The Syrian check-posts are more military, but immigration is more laid-back. The travellers do not care very much about the delineation of counters; everyone owns the shortest queue. The face of a young man in uniform wanders between semi-laughter and semi-exasperation at the periodic tantrums of his computer. A swarthy traveller who forgot to shave a fortnight back, and forgot to bathe that morning, shoves me aside and opens a conversation which does not stop till it is complete. A second man sidles up. He is more polite, possibly because he has a piece of paper instead of a passport. The ranking immigration officer, who is lounging on his feet, takes a look at the paper with the resigned air of a professional facilitator. He is clearly a man of experience, weight and power: the experience is in his eyes, the weight in his stomach and the power in his demeanour. The paper goes into his pocket. My turn comes, and the passport is returned quickly, politely. The room is filling up with families. Three young women chat away the waiting minutes. One has a T-shirt suggesting that diamonds are her best friends. Her friends have less garrulous clothes. Other girls are in long skirts or jeans. No one wears a veil. A friend in Amman later explains that the veil is part of Persian culture, a fashion that spread east rather than west, until the thin gauze of Iran coagulated into the dark cowl of Afghanistan and the tribal frontier of Pakistan.
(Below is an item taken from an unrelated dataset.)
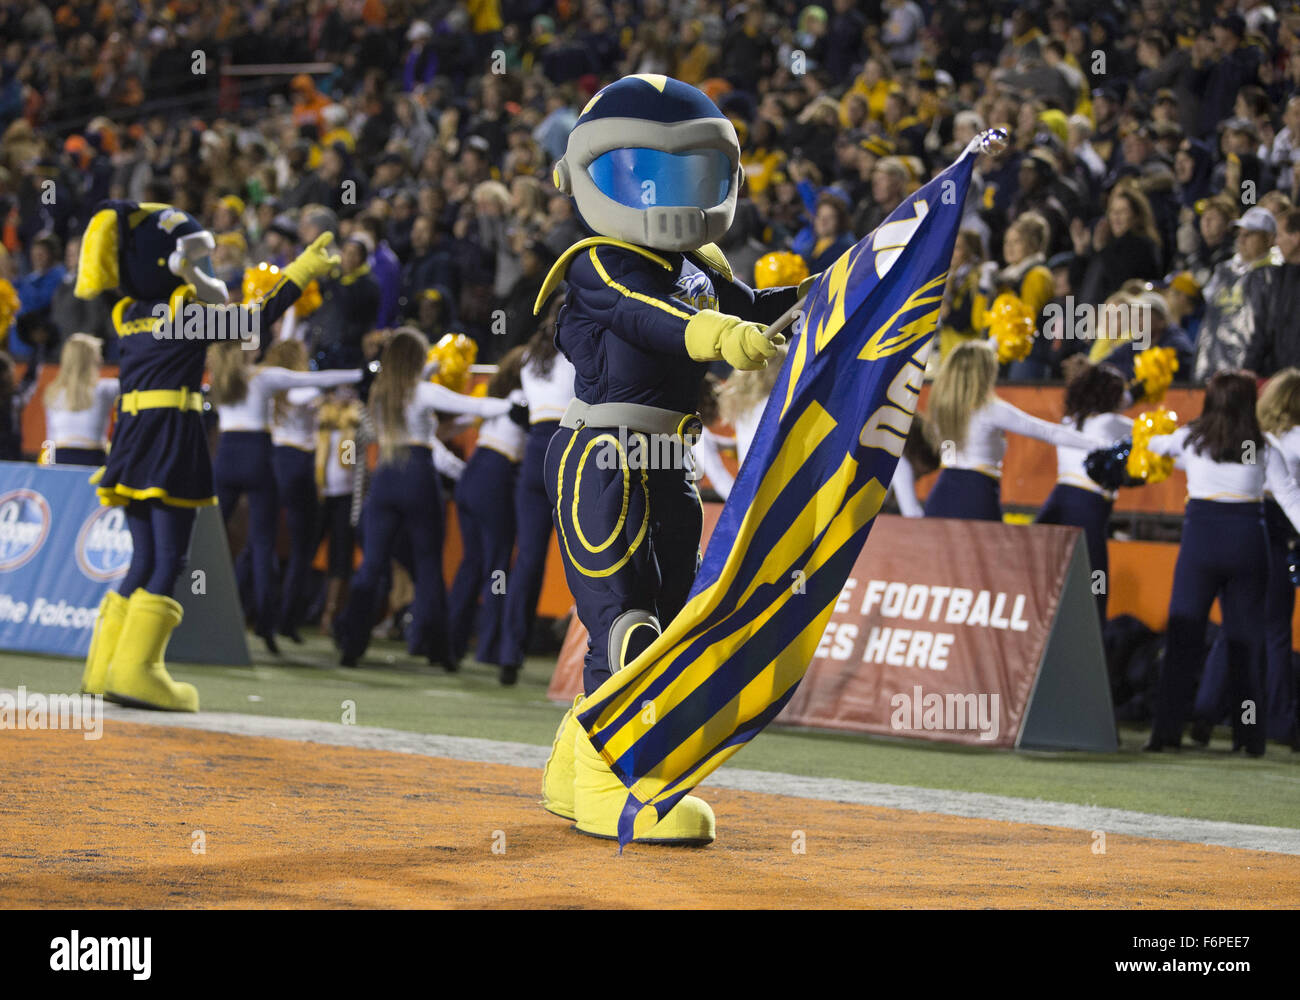 Bowling Green, Ohio, USA. 17th Nov, 2015. Toledo mascot celebrates during NCAA football game action between the Toledo Rockets and the Bowling Green Falcons at Doyt L. Perry Stadium in Bowling Green, Ohio. Toledo defeated Bowling Green 44-28. John Mersits/CSM/Alamy Live News Stock Photo

The searing brown of the desert, already softening in north Jordan, suddenly gives way to green and yellow, the colours of agriculture. Rivers have replaced rock and sand. The land of Euphrates has grass and wheat farms. The media-nurtured image of Syria as an impoverished nation, perhaps a necessary adjunct of the axis-of-evil syndrome, is an exaggeration. This isn’t El Dorado, but it isn’t Starvation Valley either. The economy has solid roots in food, oil and natural resources. The cars on the streets of Damascus are a mix of old and new, and thin dust seems to hang over the urban infrastructure but the shops are full and the kebabs in restaurants exquisite. We drive to the top of a hill for a bird’s-eye view of one of the oldest cities of the world, and it lies before us like a becalmed eagle, its outstretched wings forming the boundaries of an ever-growing metropolis. Silence, punctuated by the urban rattle, is the mood on Fridays. Damascus takes its holidays seriously. Around noon, the call of the muezzins wakes up a string of mosques.
There is a hint of Byzantine in the dominant mosque of the city, built by the Omayyad rulers 13 centuries ago, surrounded by a warren of bazaars, hamams and seminaries that could have hosted a million tourists if George Bush was not in constant search of enemies. The steepled walls and dome of the prayer hall inherit the city’s past, when it was a jewel in the dominions of the Christian Byzantine empire of Constantinople. Damascus fell to the brilliant thrust of Muslim Arabs in the seventh century, but has never rejected its history. The Patriarch of the Syrian Christian Church still lives in the city, and the services of his church have never stopped. Through the difficult centuries of the Crusades, Damascus was a constant target of Europe’s princes. Damascus often tottered, but never fell.
A mufti in black turban and flowing robes addresses an eager gathering of women in black, interspersed by a few men, in a corner of the courtyard as I enter the mosque. The scene could belong to any of the 14 centuries of the Islamic calendar. The huge, even awesome, prayer hall is stitched together by carpets and lit by chandeliers. Smack in the middle, to the left of the mimbar from where the imam leads the prayer, is a shrine protected by golden bars. This is the grave of Hazrat Yahya, more familiar to the Christian world as John the Baptist. Hundreds of photographs, passport-size and passport-face, are strewn around the grave, calling cards of young men who have sought the intercession of the Prophet in their prayers to Allah. There is nothing surprising or remarkable about this. It is on this land, from Mecca and Medina to Jerusalem and Galilee and the Dead Sea and Damascus, that the Prophets have preached their message to Jews, Christians and Muslims.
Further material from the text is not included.